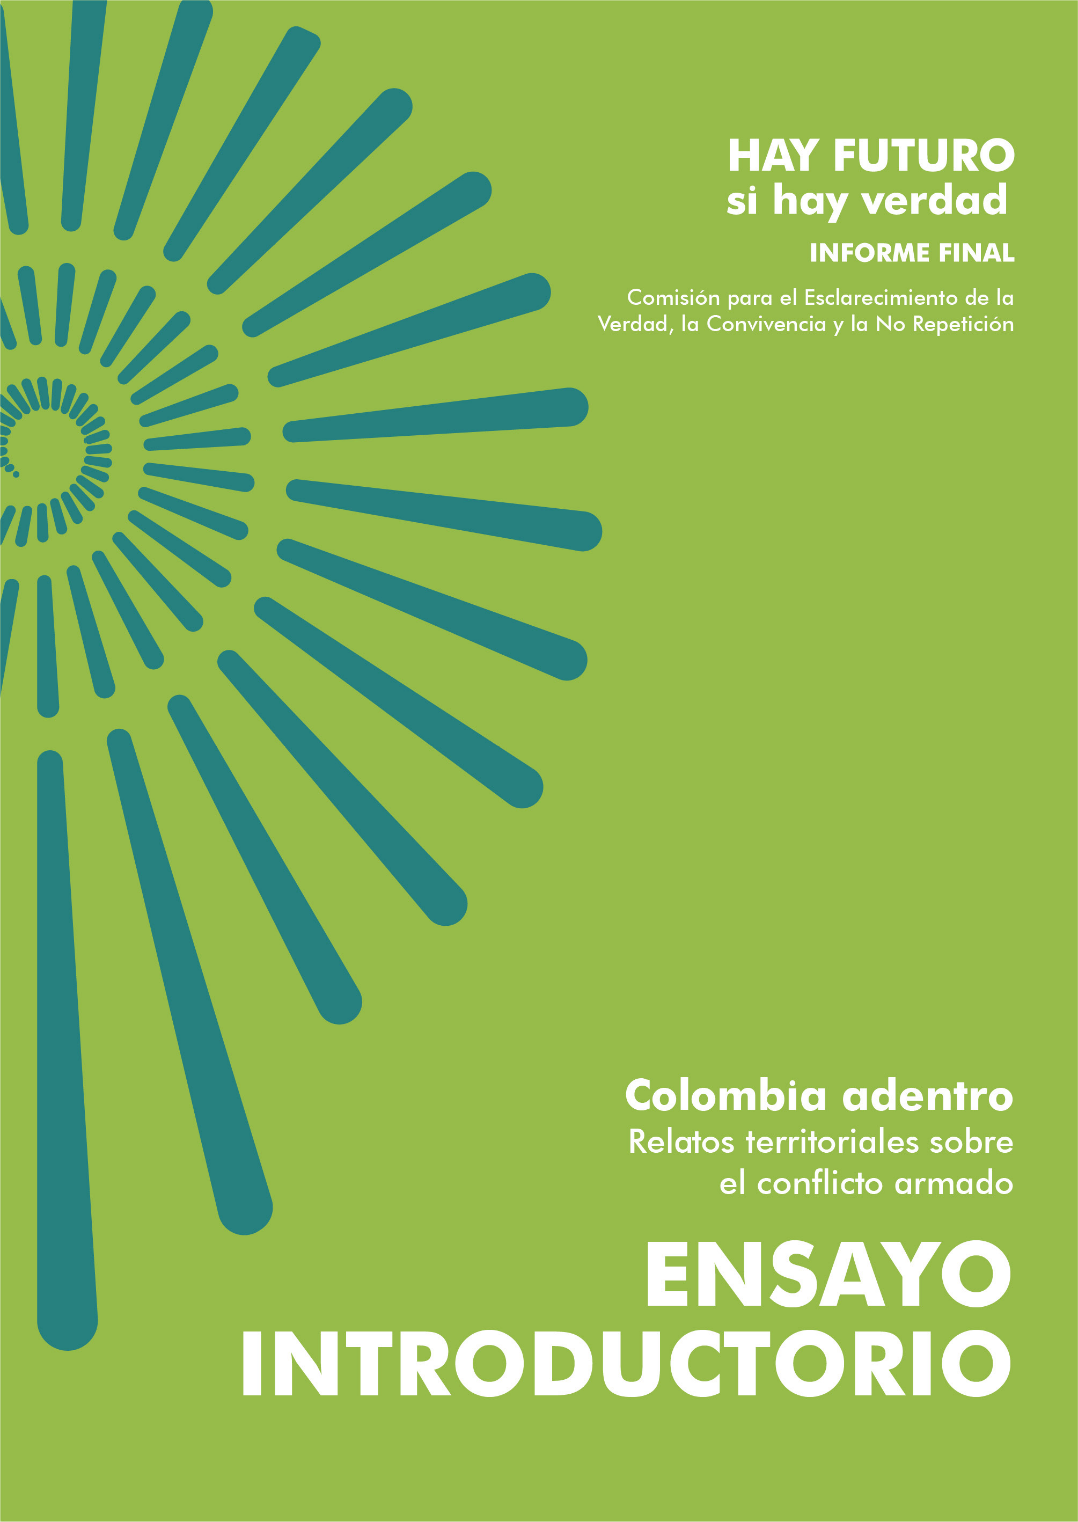 Hay futuro si hay verdad : informe final, Colombia adentro. Relatos territoriales sobre el conflicto armado / Ensayo introductorio
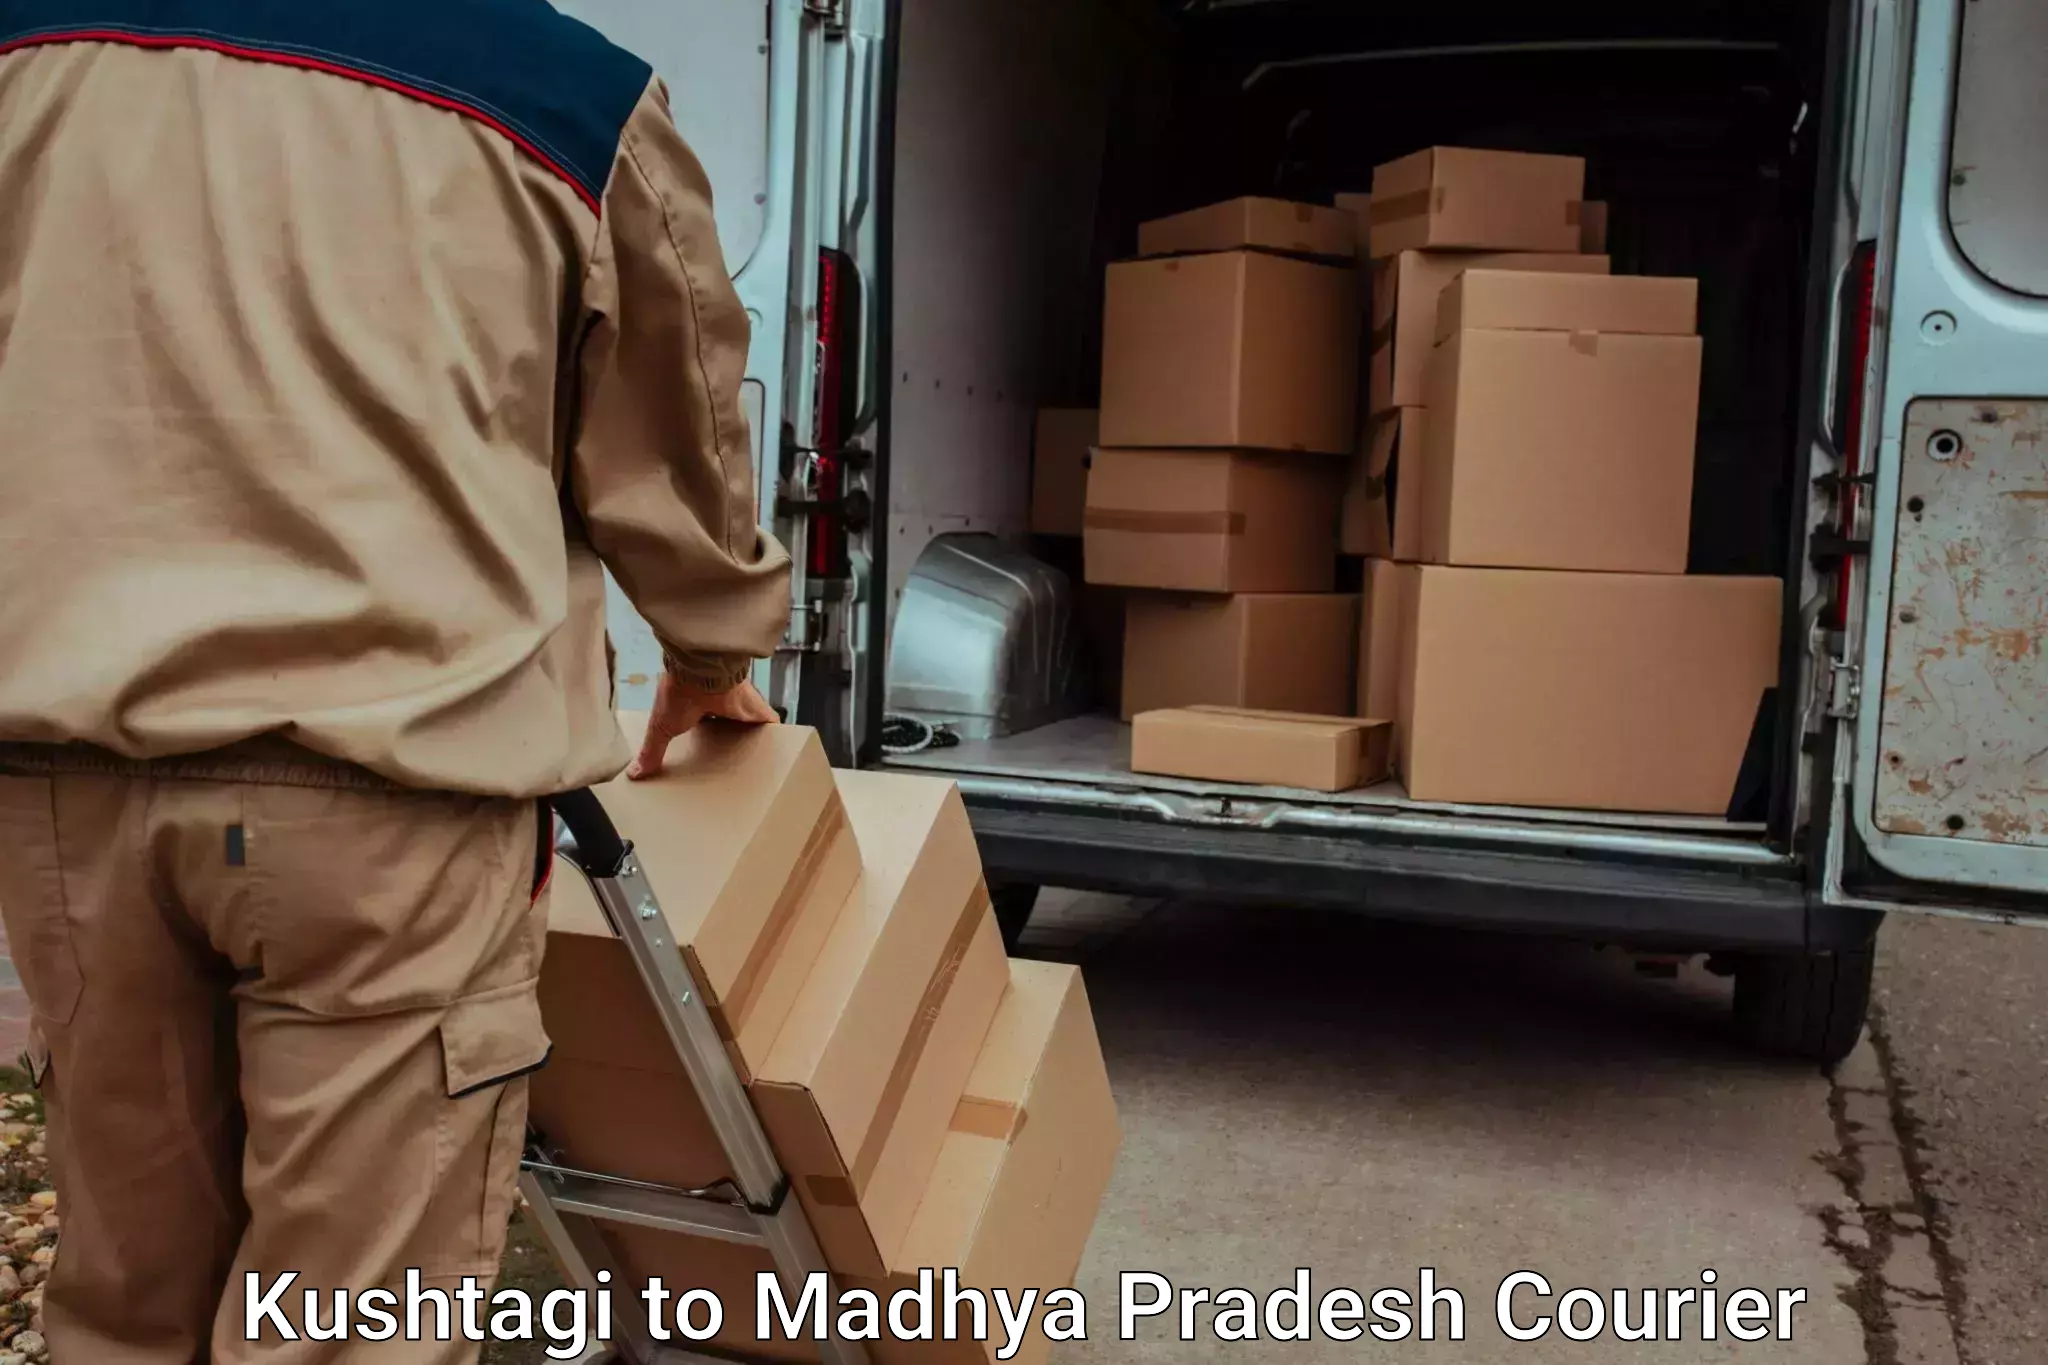 Luggage shipment tracking Kushtagi to Madhya Pradesh
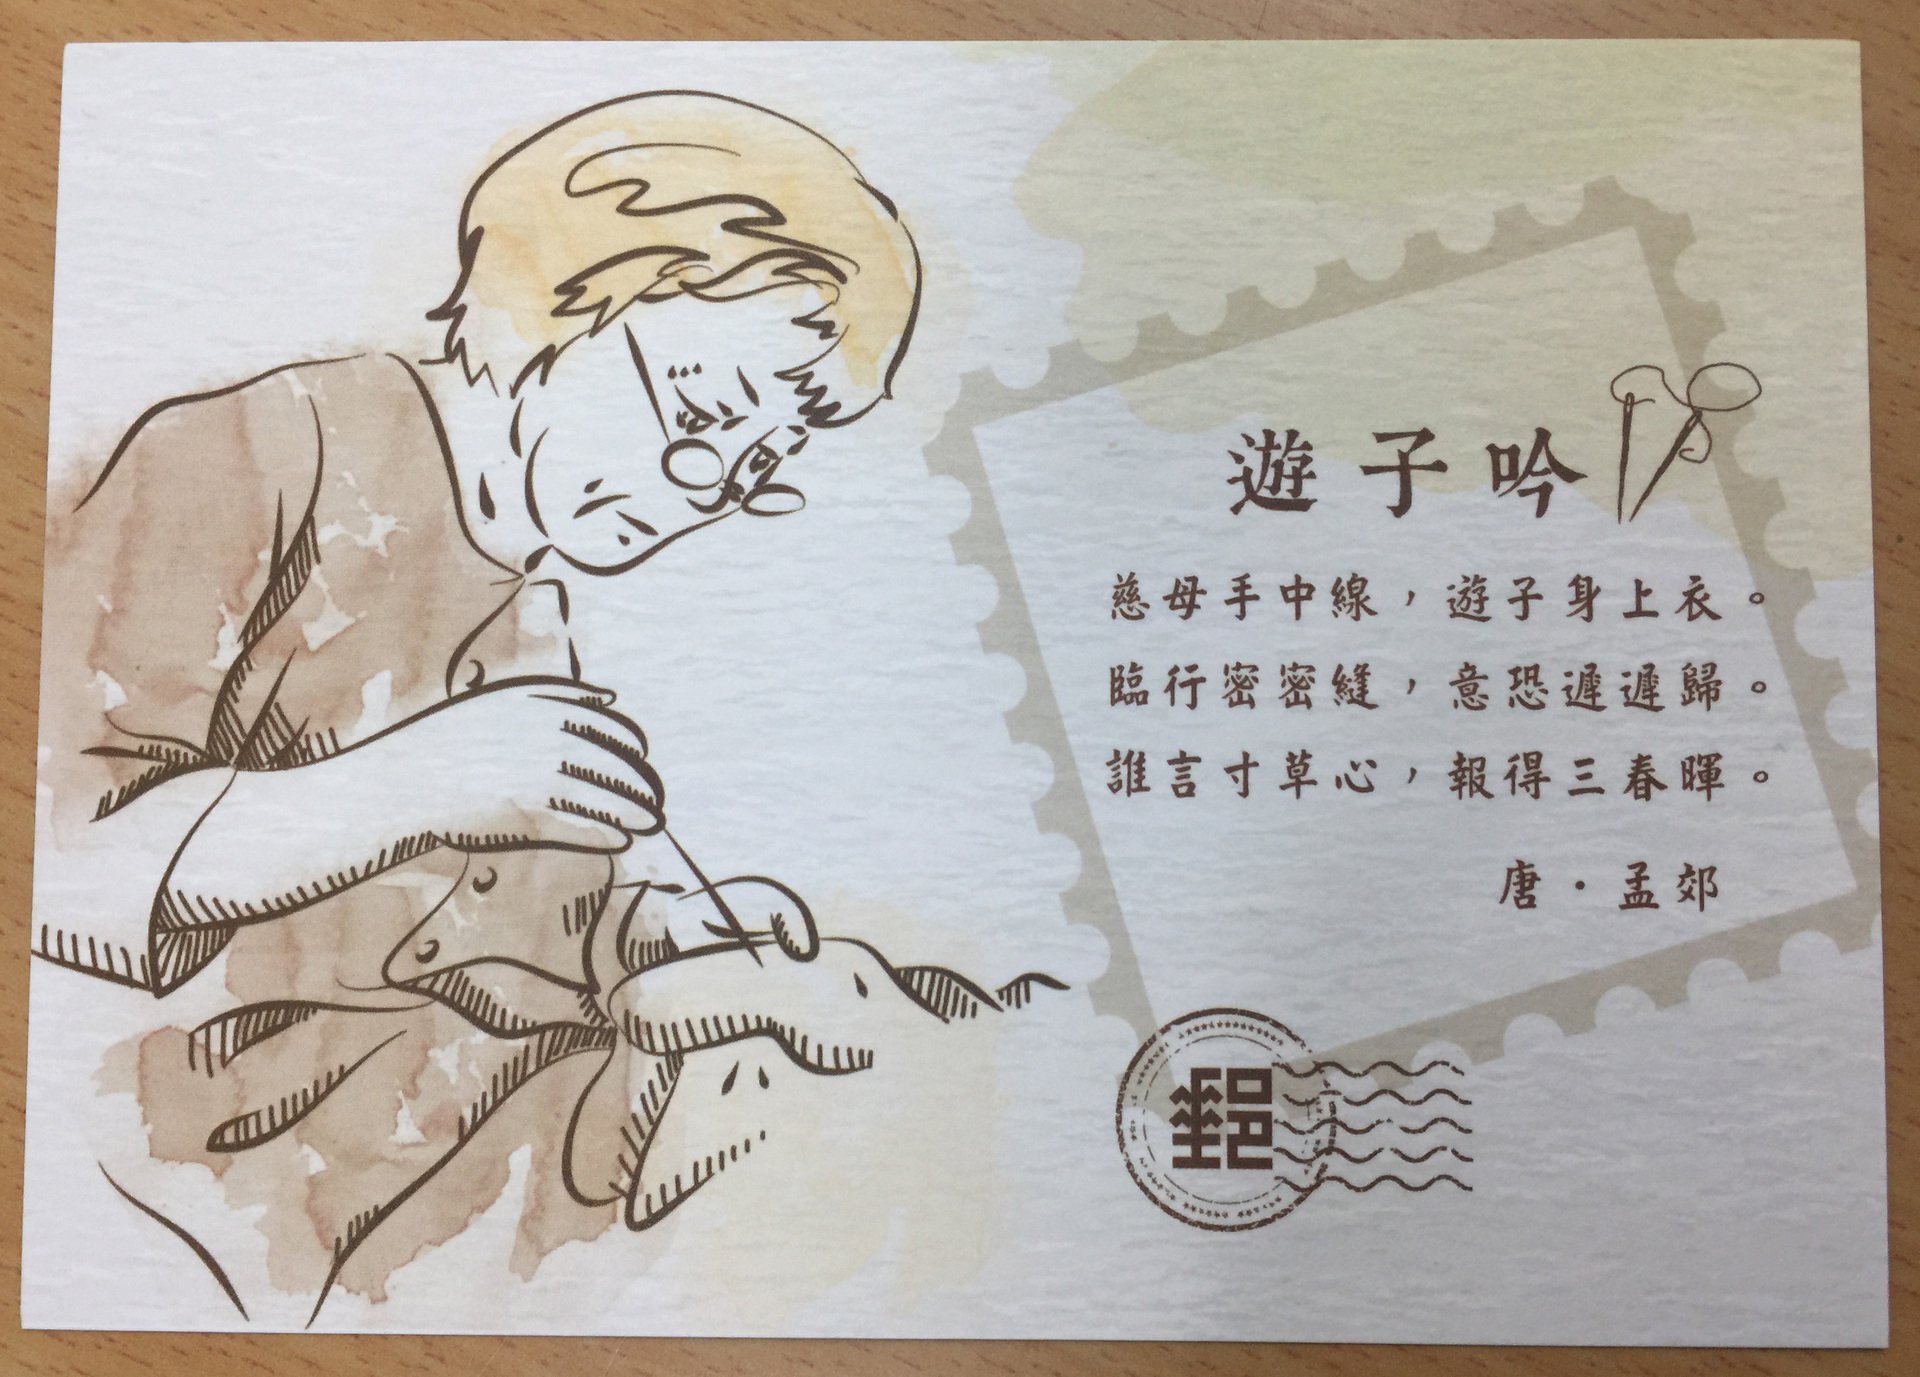 由中華郵政公司免費提供之母親節明信片3

━━━━━━━━━━━━━━━━━━━━━━━━━━━━━━

What the exercise asks:
Since the pictures are not wanted, transcribe only the rest of the material above, exactly as it stands.

Answer space:
 Hay futuro si hay verdad : informe final, Colombia adentro. Relatos territoriales sobre el conflicto armado / Ensayo introductorio
 Luggage shipment tracking Kushtagi to Madhya Pradesh
 由中華郵政公司免費提供之母親節明信片3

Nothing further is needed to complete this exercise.